Бернс повернулся к двум оставшимся.
– Сколько тебе лет, сынок? – спросил он.
– Восемь.
– Что скажете, Дэйв?
– Это не он.
– А другой?
– Тоже нет.
– Ну, это... – Бернса точно ударили ножом. – Хейз, верните детей, пока они не разбежались. Запишите, ради бога, их имена. Мы передадим их по радио на наши машины. Иначе нам весь день будут водить одних и тех же. Быстрей!
Хейз выбежал из комнаты и понесся вниз по лестнице. Некоторых мальчишек он застал еще в дежурке, остальных вернул с улицы. Один паренек недовольно вздохнул и погладил по голове огромную немецкую овчарку.
– Подожди, Принц, – сказал он. – Придется мне еще задержаться. – И вошел в участок.
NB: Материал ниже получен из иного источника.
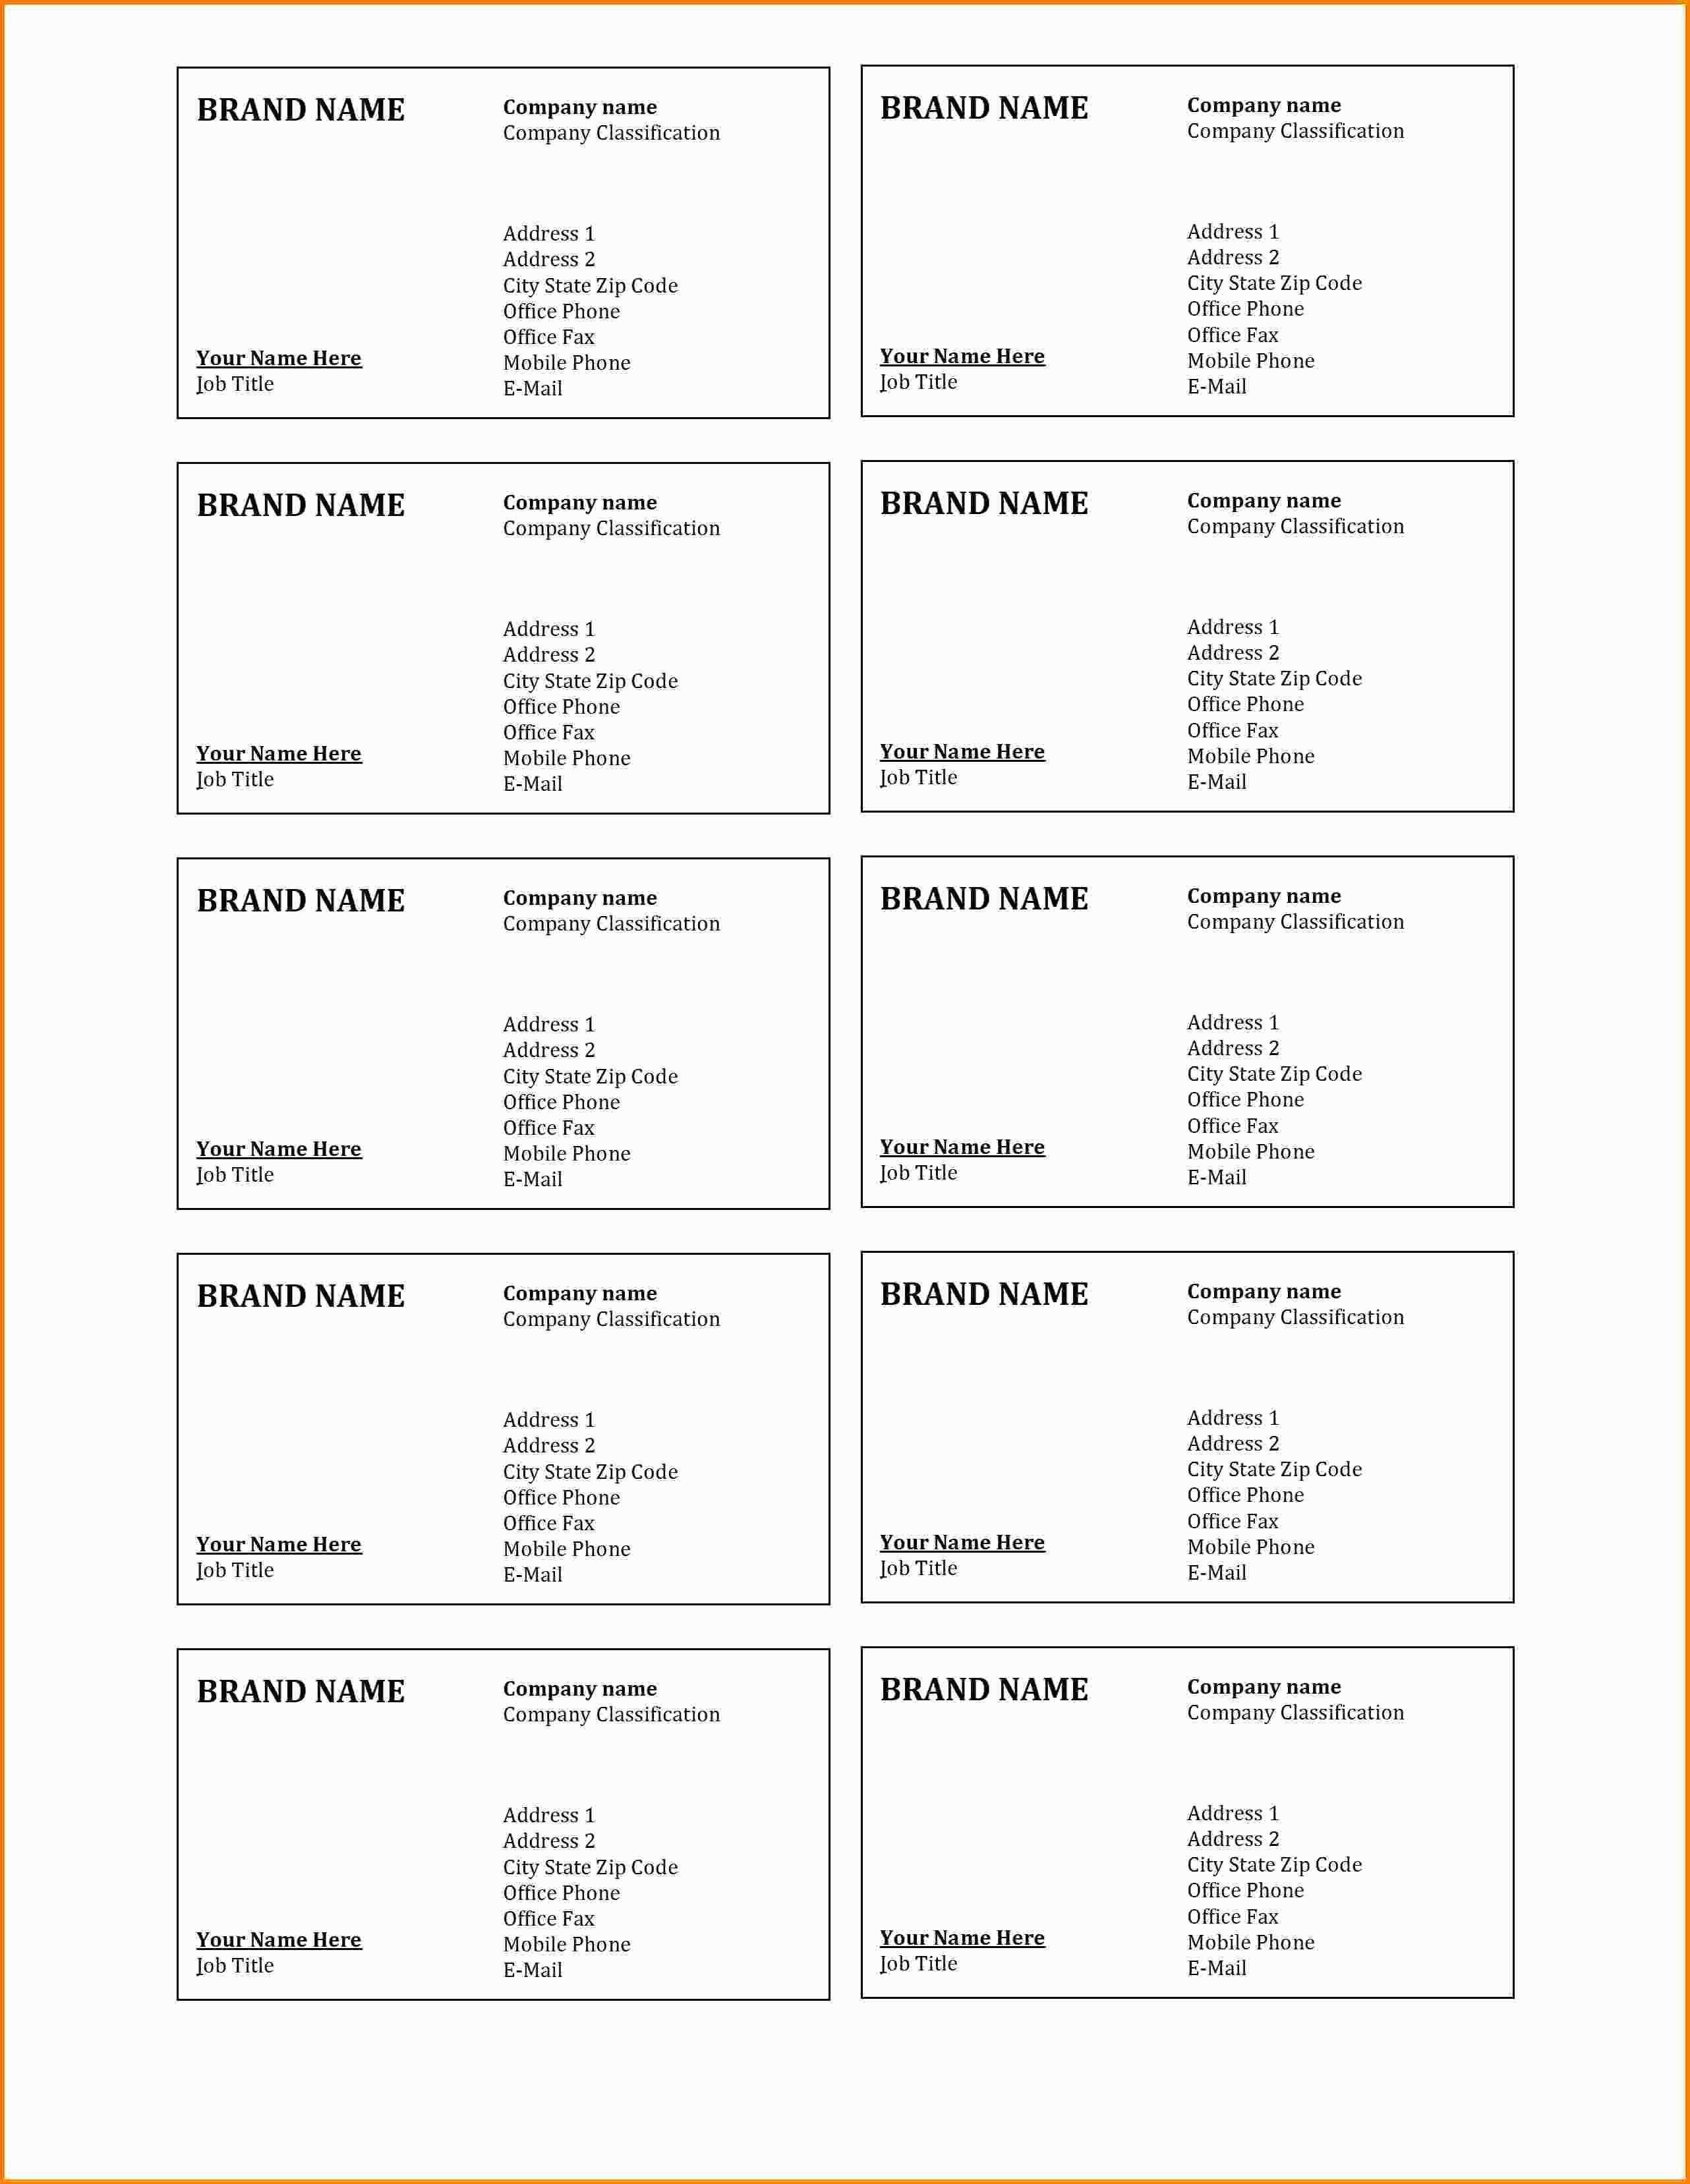 30 Format Business Card Template Free Download Uk PSD File by Business Card Template Free Download Uk
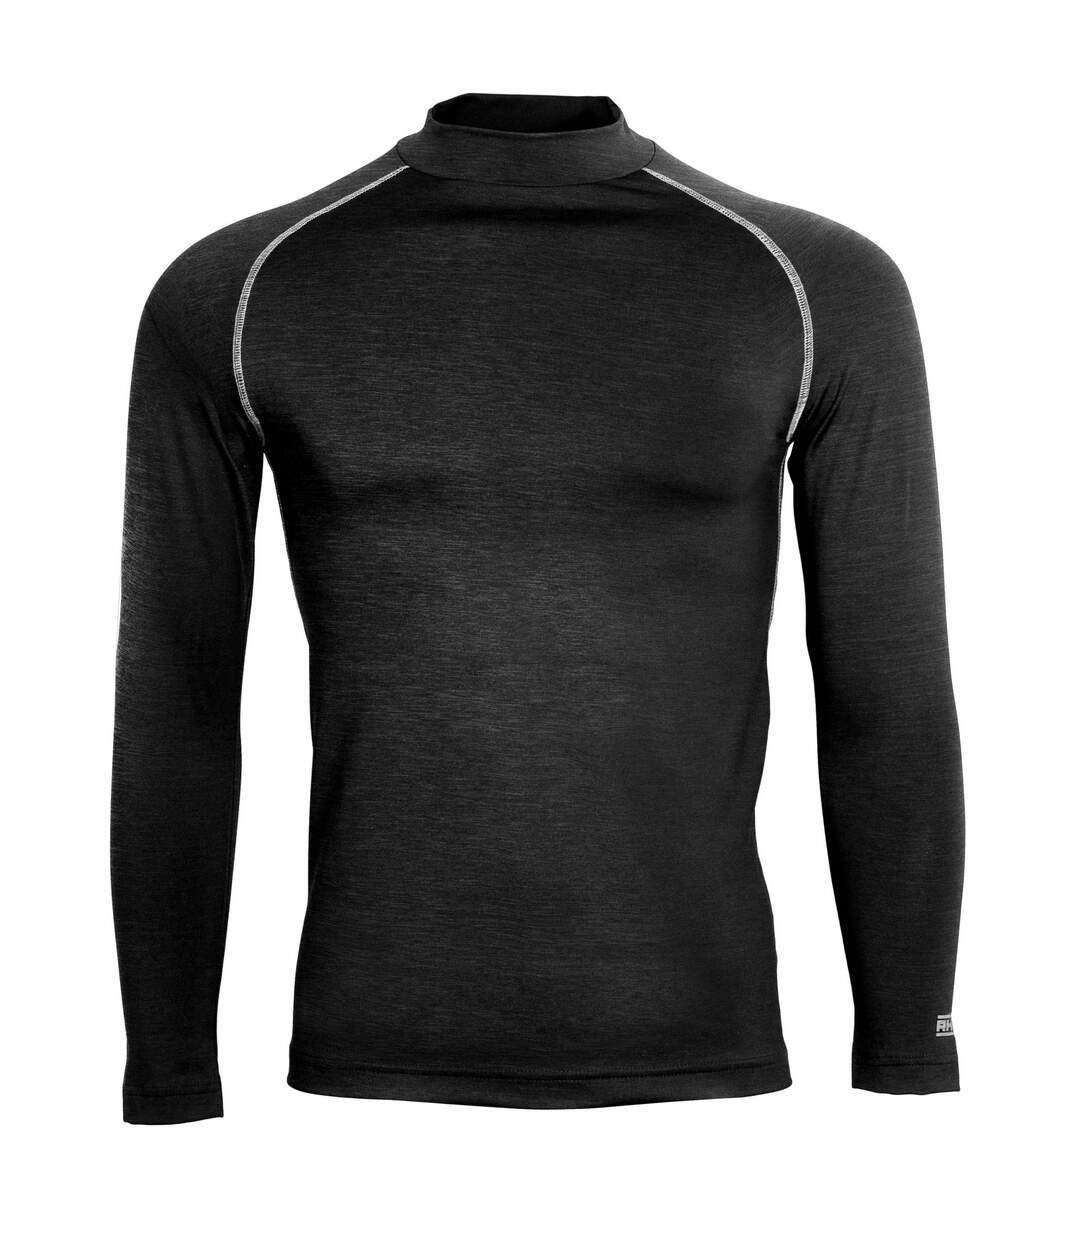 Rhino Mens Thermal Underwear Long Sleeve Base Layer Vest Top (Black Heather) - UTRW1276

Хейз посмотрел на собаку. У него возникла шальная мысль. Он побежал назад в здание участка, одним махом проскочил лестницу и влетел в комнату своего отдела.
– Собака! – запыхавшись, выпалил он. – Что, если это собака?!
– А? – спросил Бернс. – Вы вернули детей?
– Да, но это может быть собака!
– Какая собака? О чем ты?
– Леди! Леди!
Сразу заговорил Карелла.
– Возможно, он прав, Пит. Как ты думаешь, сколько в нашем участке собак по кличке Леди?
– Не знаю, – сказал Бернс. – Вы думаете, этот негодяй, написавший письмо?..
– Не исключено.
– Ладно. Садись на телефон. Мейер! Мейер!
– Да, Пит?
– Запиши имена этих детей. Господи, это же сумасшедший дом!
И Бернс исчез в своем кабинете.
Позвонив в бюро регистрации собак, Карелла выяснил, что по их участку зарегистрирована тридцать одна Леди. Сколько собак с той же кличкой остались неучтенными, можно было только догадываться.
Он доложил об этом Бернсу.
Бернс ответил, что если человеку приспичило убить какую-то суку по кличке Леди, это его личное дело, и он, Бернс, не собирается ставить свой отдел на уши и гоняться за каждой шавкой на участке. В любом случае, если убийство собаки и произойдет, они об этом узнают и тогда, возможно, попытаются найти этого собаконенавистника. А пока он предлагает, чтобы Хейз позвонил в «Истерн шиппинг» и узнал, продается ли бумага, на которой выклеено письмо, в каких-либо магазинах их участка.
– И закройте эту чертову дверь! – крикнул он вдогонку Карелле.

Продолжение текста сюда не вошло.